The expected answer is the data below, printed verbatim without its pictures.

[Source data Boundary: Start]

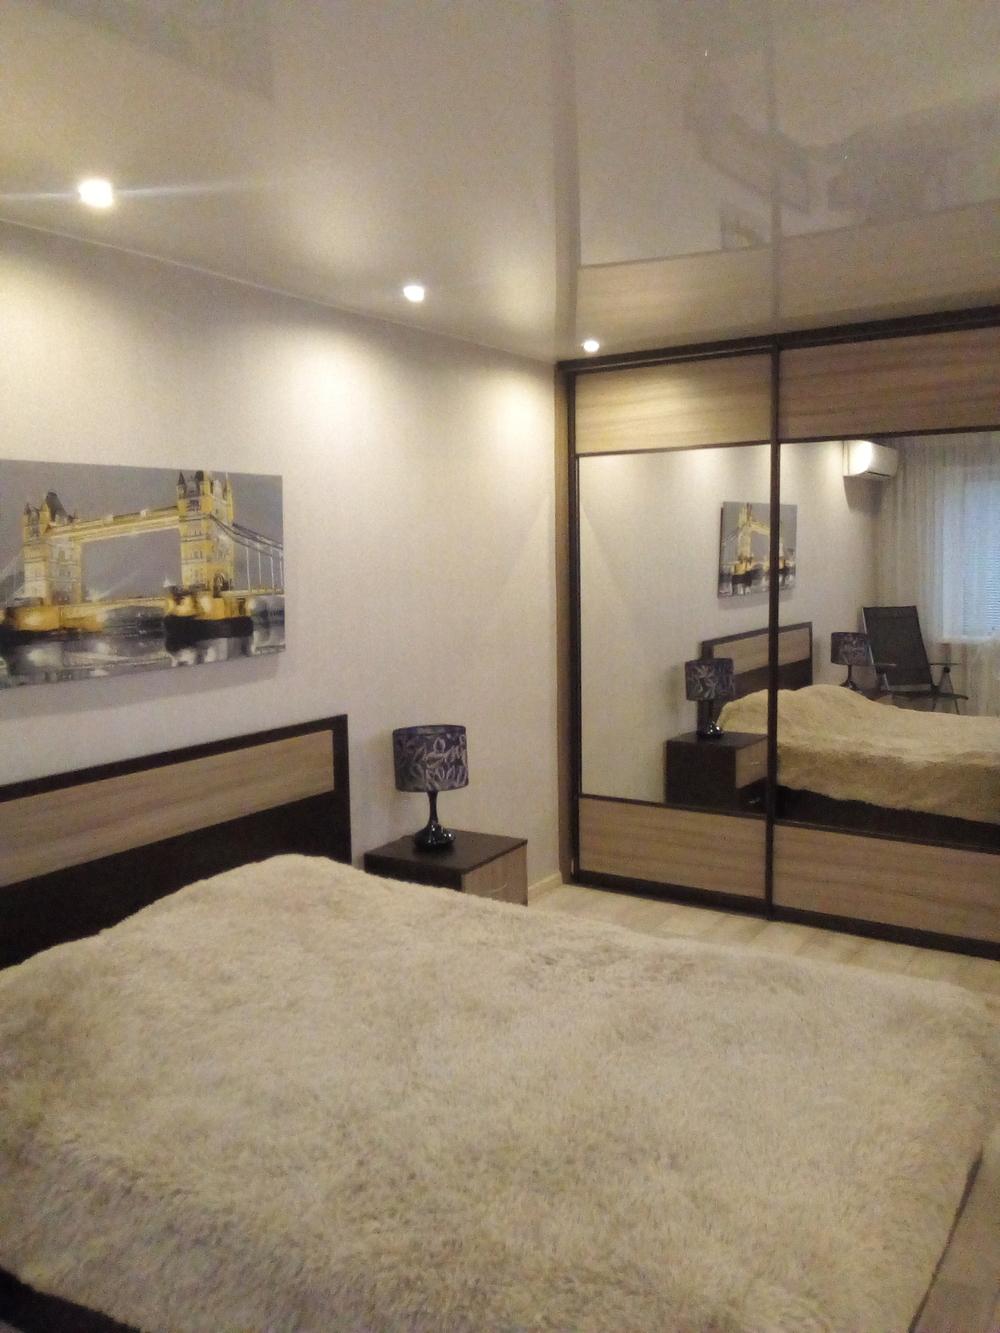 Продам 1-комнатную квартиру в городе Саратов, на улице Белоглинская, 8, 2-этаж 6-этажного Кирпич дома, площадь: 32/24/10 м2
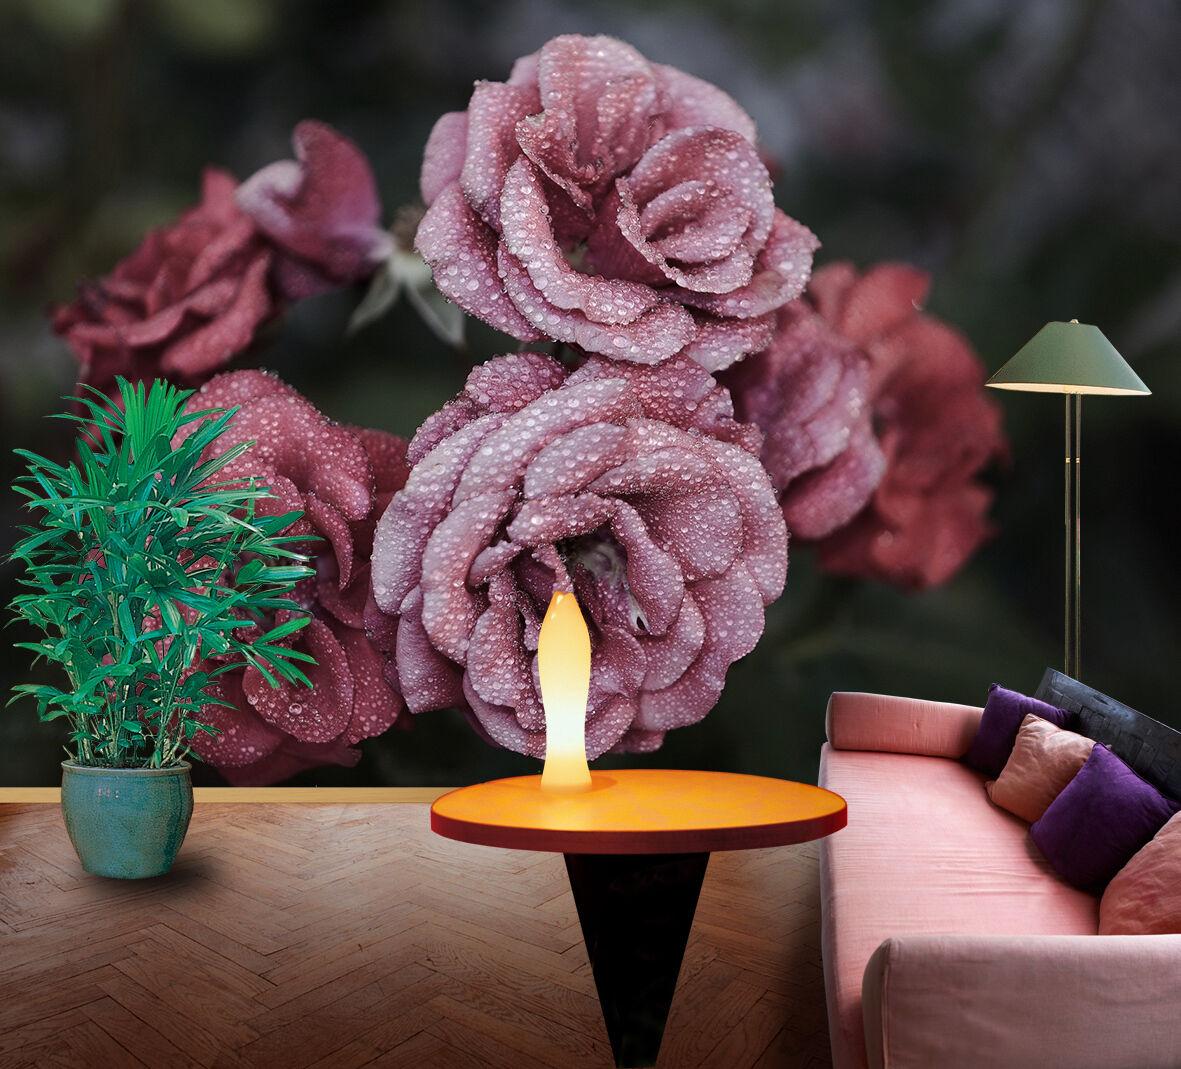 3D 3D 3D Rosa mit Tau 62 Fototapeten Wandbild Fototapete Bild Tapete Familie Kinder | Um Eine Hohe Bewunderung Gewinnen Und Ist Weit Verbreitet Trusted In-und   | Niedriger Preis  |  c32ee3
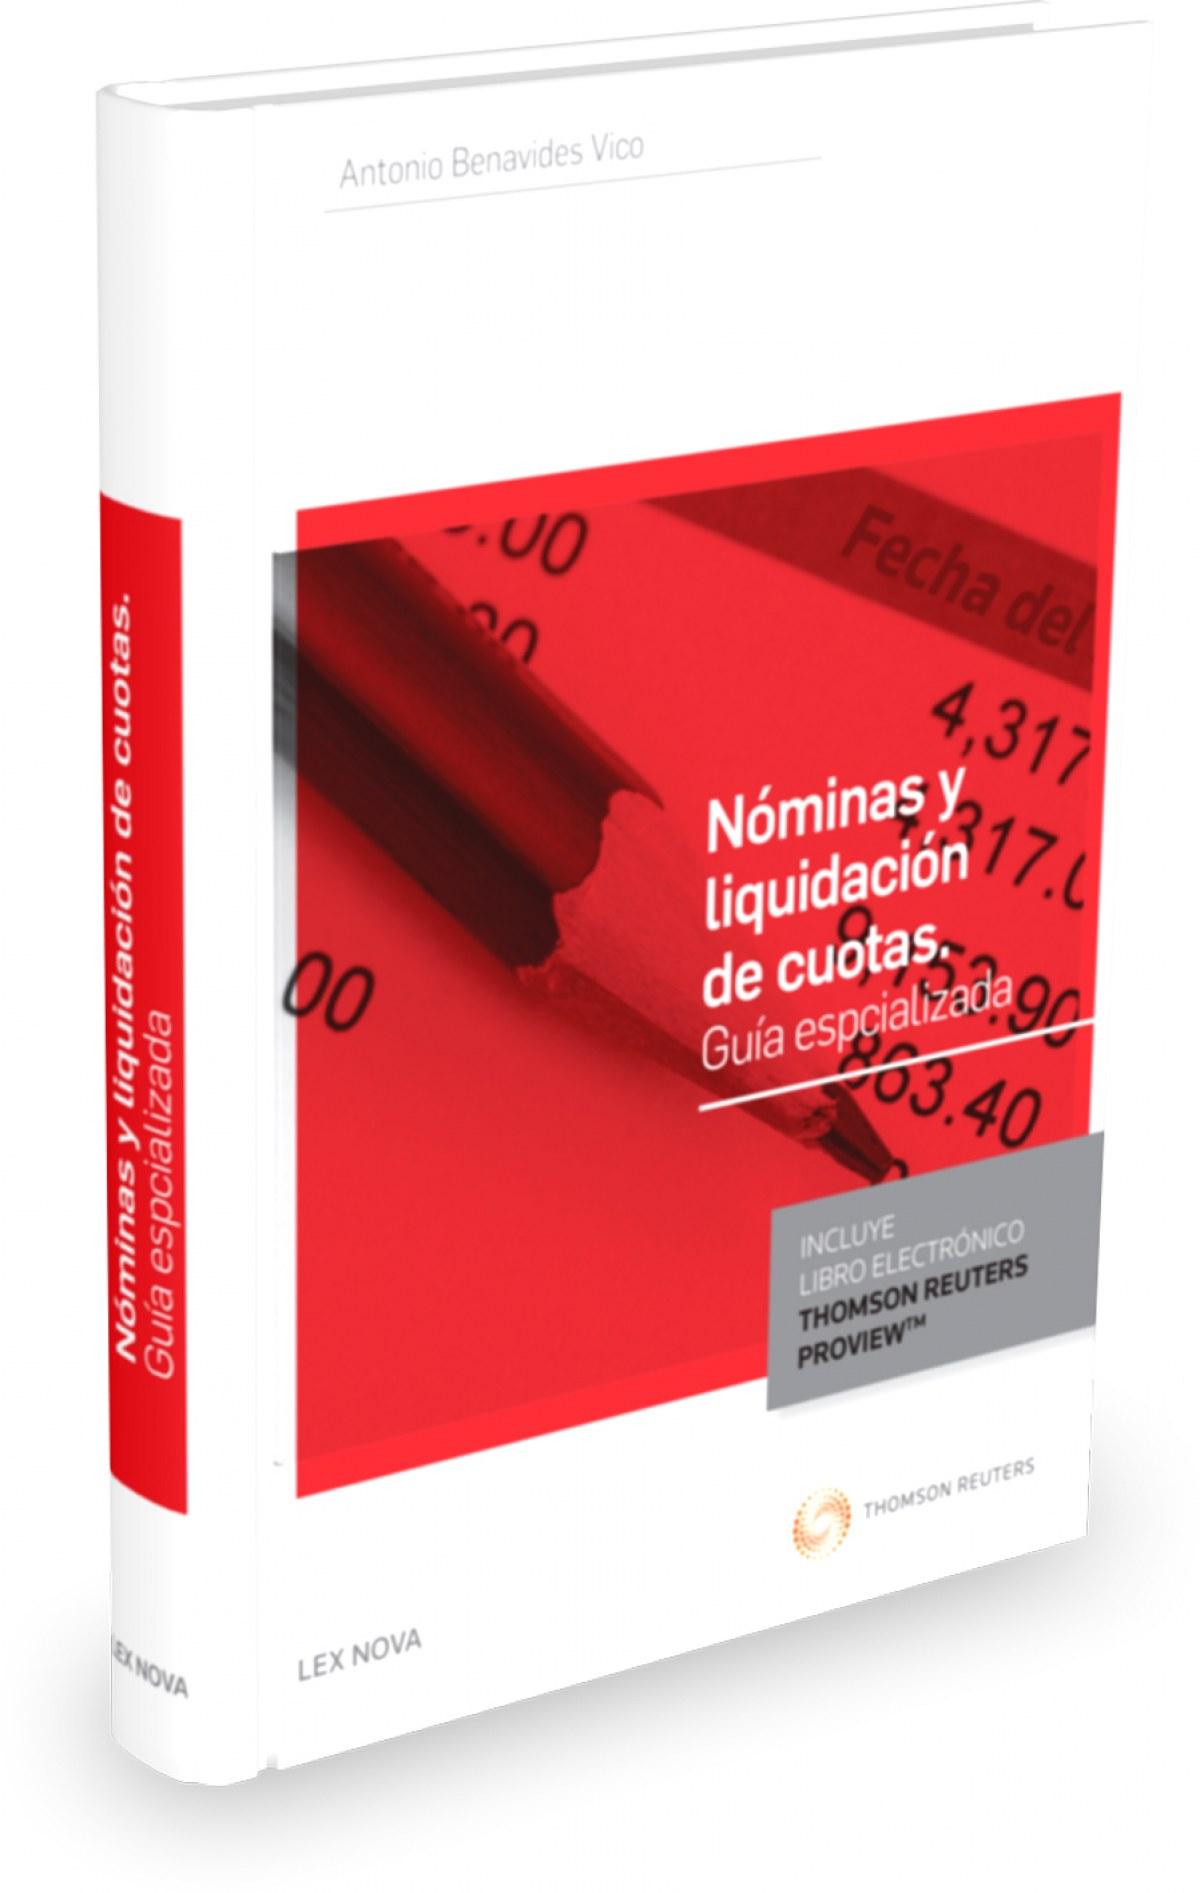 NOMINAS Y LIQUIDACION DE CUOTAS. GUIA ESPECIALIZADA (PAPEL + E-BOOK)

[Source data Boundary: End]

Output of the task:
 Продам 1-комнатную квартиру в городе Саратов, на улице Белоглинская, 8, 2-этаж 6-этажного Кирпич дома, площадь: 32/24/10 м2
 3D 3D 3D Rosa mit Tau 62 Fototapeten Wandbild Fototapete Bild Tapete Familie Kinder | Um Eine Hohe Bewunderung Gewinnen Und Ist Weit Verbreitet Trusted In-und   | Niedriger Preis  |  c32ee3
 NOMINAS Y LIQUIDACION DE CUOTAS. GUIA ESPECIALIZADA (PAPEL + E-BOOK)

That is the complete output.